Wow, have I just found a great way to save hundreds of dollars a year!

No, no I haven’t. A few days later with my trip to the centre of the universe in front of me I thought, okay, this isn’t so bad, I can totally wax my bikini line on my own – now I wasn’t about to try my first home Brazilian, but come on a little off the sides can’t be that hard.

Lesson #1 ~ Never wax hungover.

Seriously, I was nauseous and shaky when I started on my own, not a good combination when applying and ripping hot wax off your body.

Lesson #2Make sure the wax is hot enough.

Not too hot, not to cold, but just right. Why you ask?

After a few strips on my thighs, I thought to myself, okay, this isn’t so bad, I am ready to take this project close to the panty line. I applied the wax, then the strip and RIP!

And then I almost vomited. I sat down on the towel put my head between my knees and tried to keep my fried egg sandwich down. “Breath, it will be fine, it hurts, but you don’t have to throw up, everything will be fine. Pull yourself together before the lady gets home.” I chanted to myself as I held onto the tub.
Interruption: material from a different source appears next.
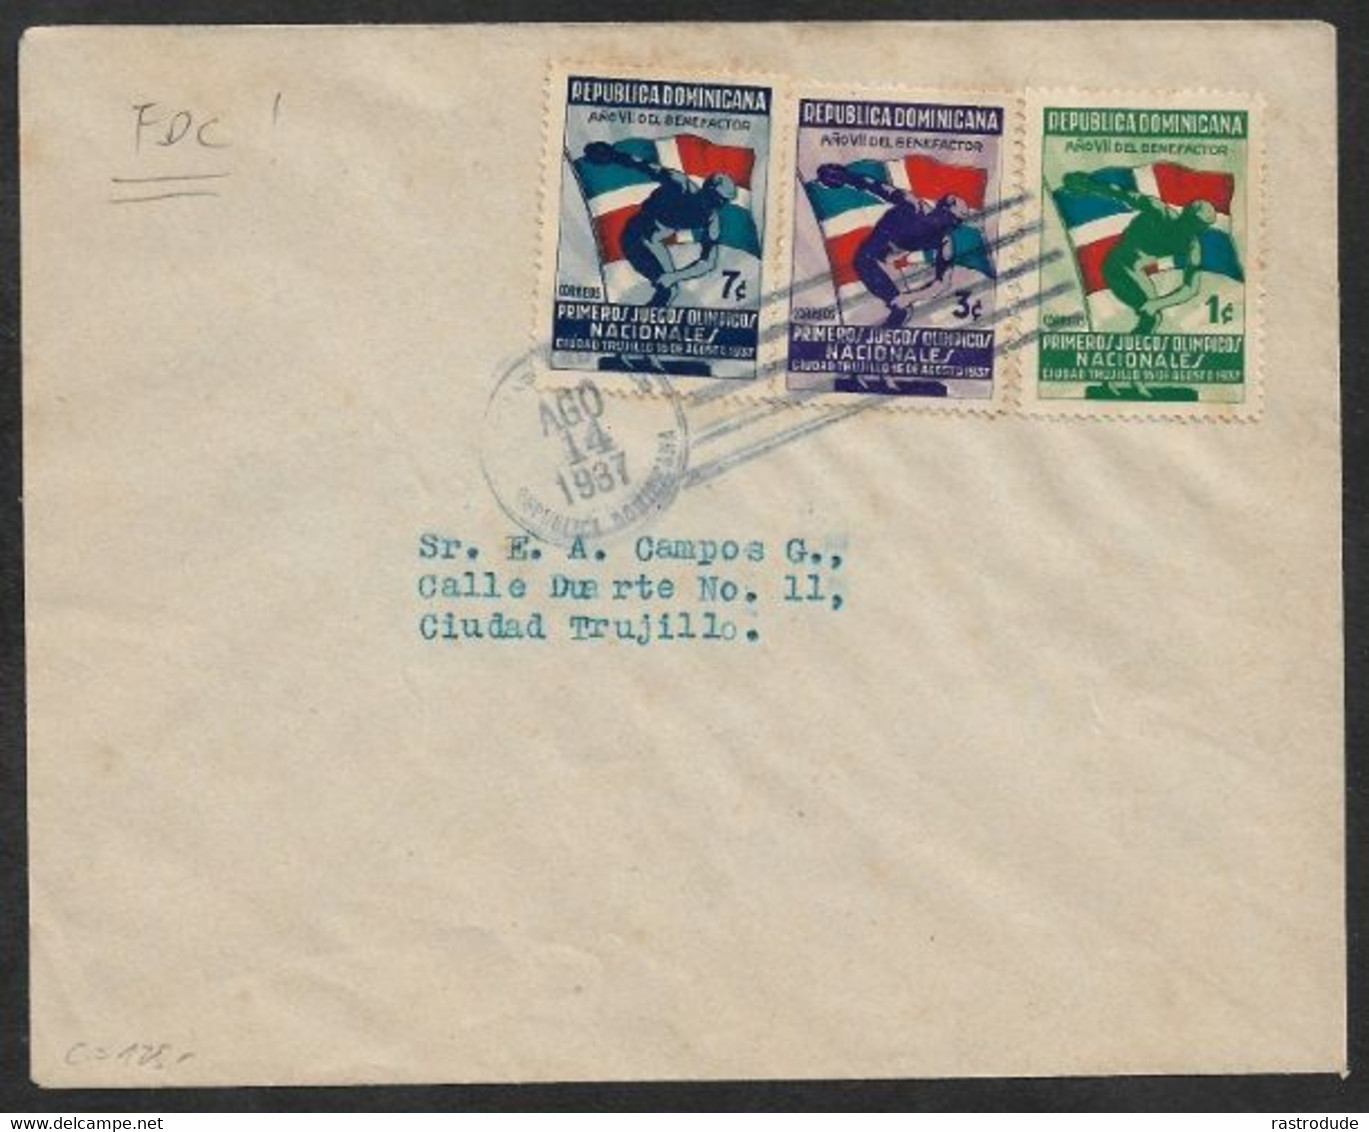 1937 AUG 14 - REPUBLICA DOMINICANA - FDC - PRIMEROS JUEGOS OLIMPICOS NAIONALES 16 AGOSTO 1937 - RARE - Dominican Republic

It was at this point looked at the patch where I had ripped the wax off and saw it, a hickey. That’s right if use wax that isn’t at the right temperature you will bruise your hair follicles, causing something that looks like a hickey. In my case it was a hickey BESIDE MY VAGINA! Again I put my head between my knees and wondered what I would do if anyone was in the position to see the affected area, which again brought me back to the anti vomit chanting. Once the pain and nausea subsided a little I decided that was enough waxing for today and that it was time to get in the shower and pull out the trusty Gillette for old time sake.

Why am I sharing this story? Amusement for one, because really the visual of me ripping wax strips and gawking at my “hickey” is amusing. More importantly I tell you for education. Please use this story as a proverb: Never wax when hung over and never ever ever use wax that isn’t hot enough.

Coming back one story at a time …

The Single Girl

Tuesday

Things Change, Things Stay the Same

I am coming back to myself, slowly, day by day. I have had a few adventures that I think TSG readers would enjoy and I will write a proper post soon, but right now I am sitting in an Internet cafe in the centre of the universe and don't really have time (or the luxury of editing) to share.

Sneak peak;

I have seen the SSM, and Fireboy and the two of them together;
I had an adventure in esthetics I would not recommend to anyone;
And I had a lovely evening and afternoon with OQB at a gay bar, and then a "marrieds" brunch.

More on all these topics in a day or two when I am back to my computer and have time to fully realize my thoughts.

The Single Girl

Sunday

I think I am going to take a little break from the blog. Writing about what is happening at home with my family doesn't seem right.

I will be back in a week or two, so do check in from time to time as I will come back soon.